On that front, seeing a wider range of customers in its pubs is encouraging. The pivot towards a younger and more family-orientated demographic looks good. The strong brand perception holds it in good stead, with the customer base enjoying a slightly higher income than the 'average pubgoer'. But neither the Company nor the punters will be immune from continuing cost pressures.

Wetherspoon put the free cash outflow seen at the half year point down to the timing of payments. As long as that evens out over the longer term, we’re not too concerned. But after a period of trimming lower performing units in the estate, there’s a suggestion that pub numbers could grow up to a total of around 1,000 sites. Recent openings have been in high footfall areas, and that’s something we’re supportive of.

There’s no firm guidance on the speed of openings, but any expansion will place more demands on the balance sheet, further limiting scope for dividends to be reinstated in the near term. Historically payouts have been relatively low, so this shouldn't be the main driver of any investment decision. Dividends are variable and not guaranteed.

Over the long term, we remain positive that Wetherspoon can gain further market share. That and its improving financials have been recognised by a strong recovery in the valuation from its lockdown lows. But, as the reaction to half year numbers shows, higher expectations mean more chance of ups and downs.

Environmental, social and governance (ESG) risk

Consumer services companies are medium-risk in terms of ESG, and very few companies are excelling at managing them. That leaves plenty of opportunity for forward-thinking firms. The primary risk-driver is product governance. The impact of their products on society, labour relations and environmental concerns are also key risks to monitor.

The company's overall management of material ESG issues is average according to Sustainalytics, with significant issues identified around the Board's quality and integrity including worries about the length of service and independence of non-executive directors. ESG reporting practices are not aligned with leading reporting standards and the company's environmental policy is assessed as weak. Moreover, sustainability performance targets are not incorporated in the executive compensation plan. In terms of responsible drinking, there is a strong code of conduct in place with evidence to suggest this is an area the chain takes very seriously.

JD Wetherspoon key facts

  • Forward price/earnings ratio (next 12 months ): 17.1

  • Ten year average forward price/earnings ratio: 20.1

  • Prospective dividend yield (next 12 months): 0.0%

  • Ten year average prospective dividend yield: 1.0%

All ratios are sourced from Refinitiv, based on previous day’s closing values.

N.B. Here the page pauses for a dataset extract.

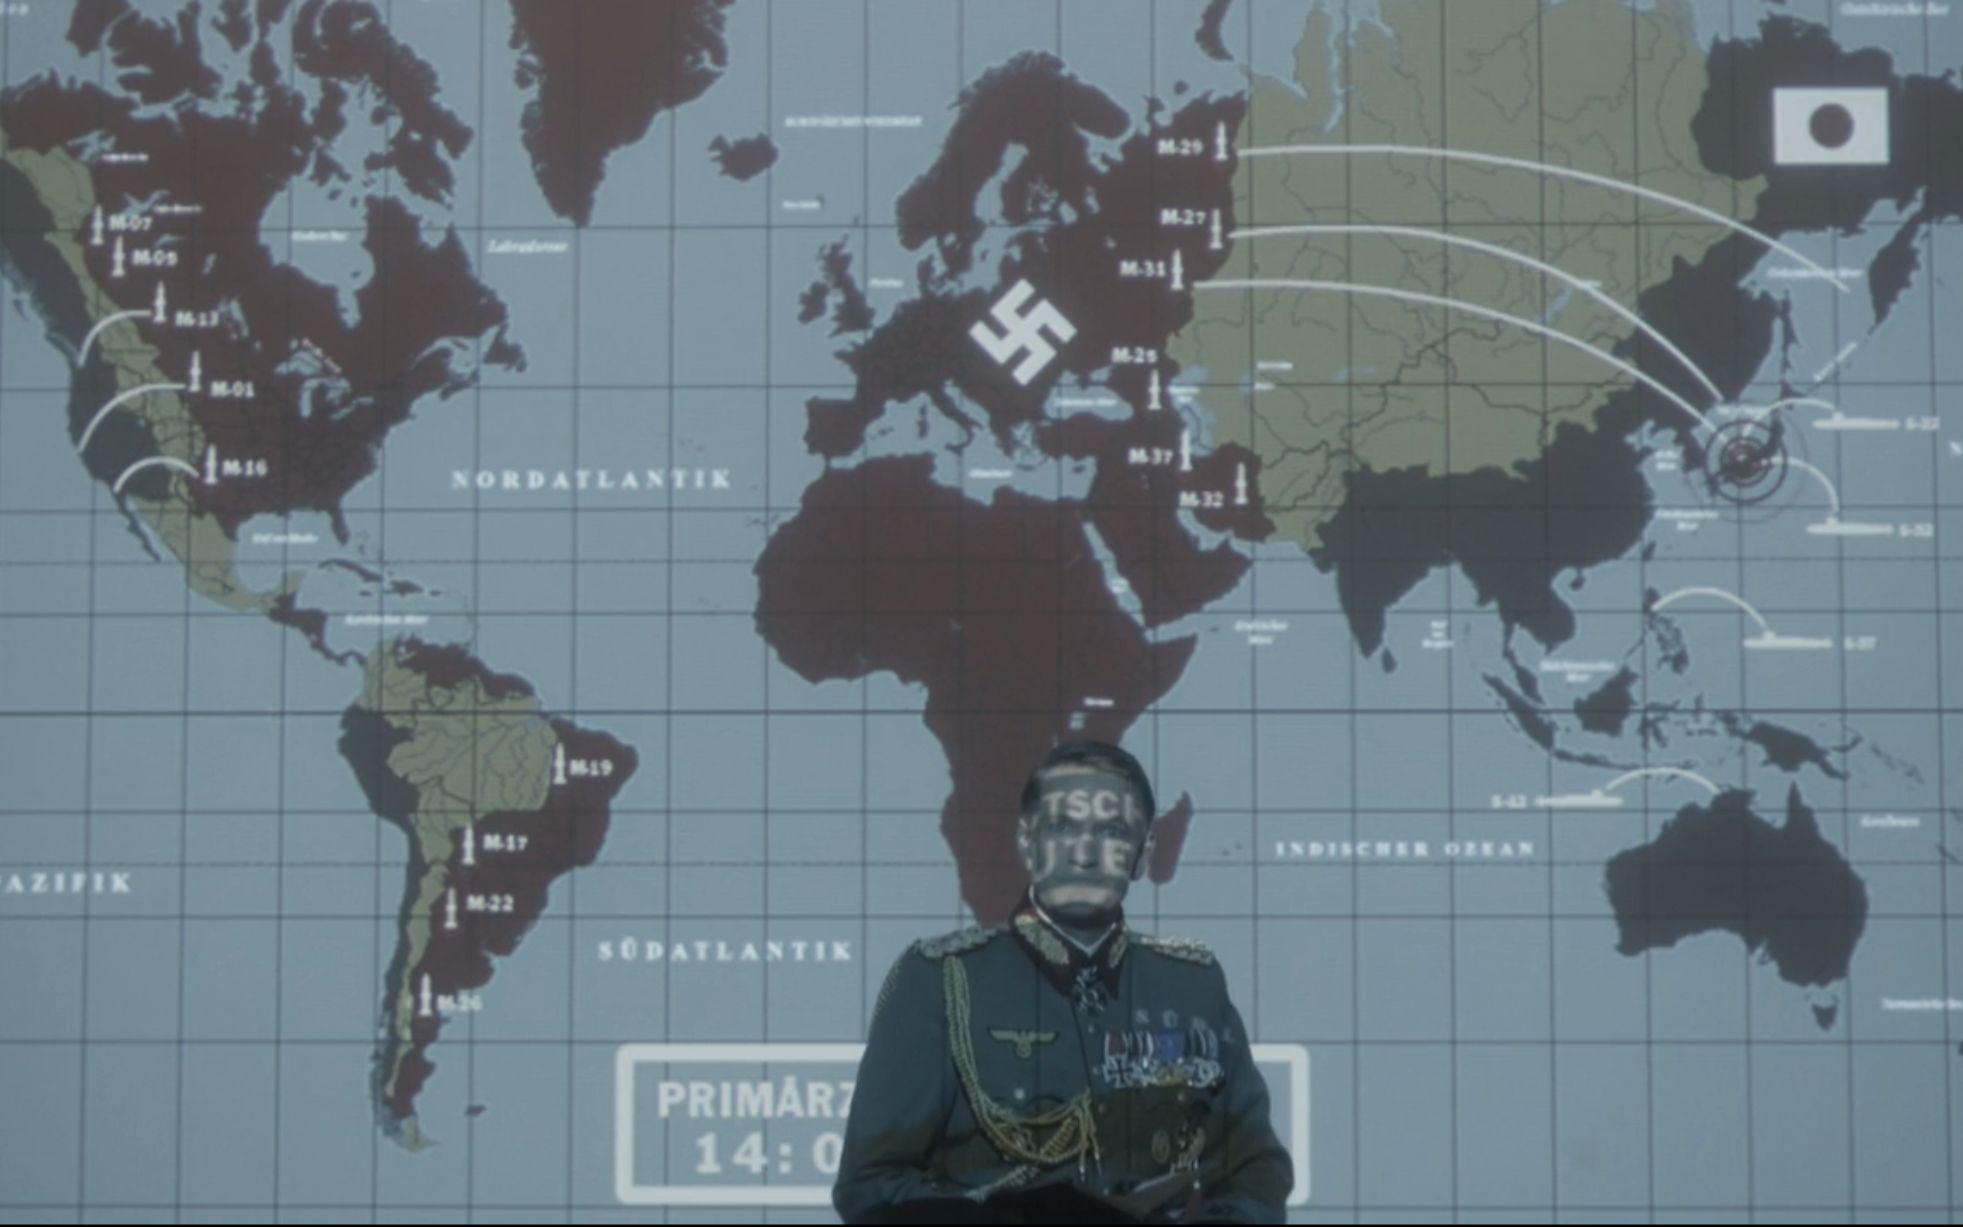 【高堡奇人】德國進攻日本的計劃及其取消 豪斯曼陰謀的敗露_嗶哩嗶哩 (゜-゜)つロ 干杯~-bilibili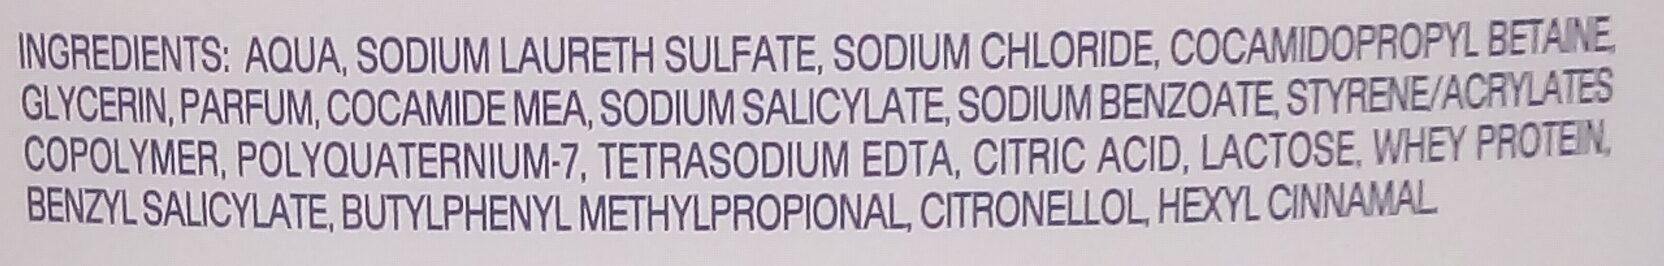 GEL DOUCHE CREME - Ingredients - fr

Please remember yields are variable and not a reliable indicator of future income. Keep in mind key figures shouldn’t be looked at on their own – it’s important to understand the big picture.

Important information - This article isn’t personal advice. If you’re not sure whether an investment is right for you please seek advice. If you choose to invest the value of your investment will rise and fall, so you could get back less than you put in.

This article is not advice or a recommendation to buy, sell or hold any investment. No view is given on the present or future value or price of any investment, and investors should form their own view on any proposed investment. This article has not been prepared in accordance with legal requirements designed to promote the independence of investment research and is considered a marketing communication. Non-independent research is not subject to FCA rules prohibiting dealing ahead of research, however HL has put controls in place (including dealing restrictions, physical and information barriers) to manage potential conflicts of interest presented by such dealing. Please see our full non-independent research disclosure for more information.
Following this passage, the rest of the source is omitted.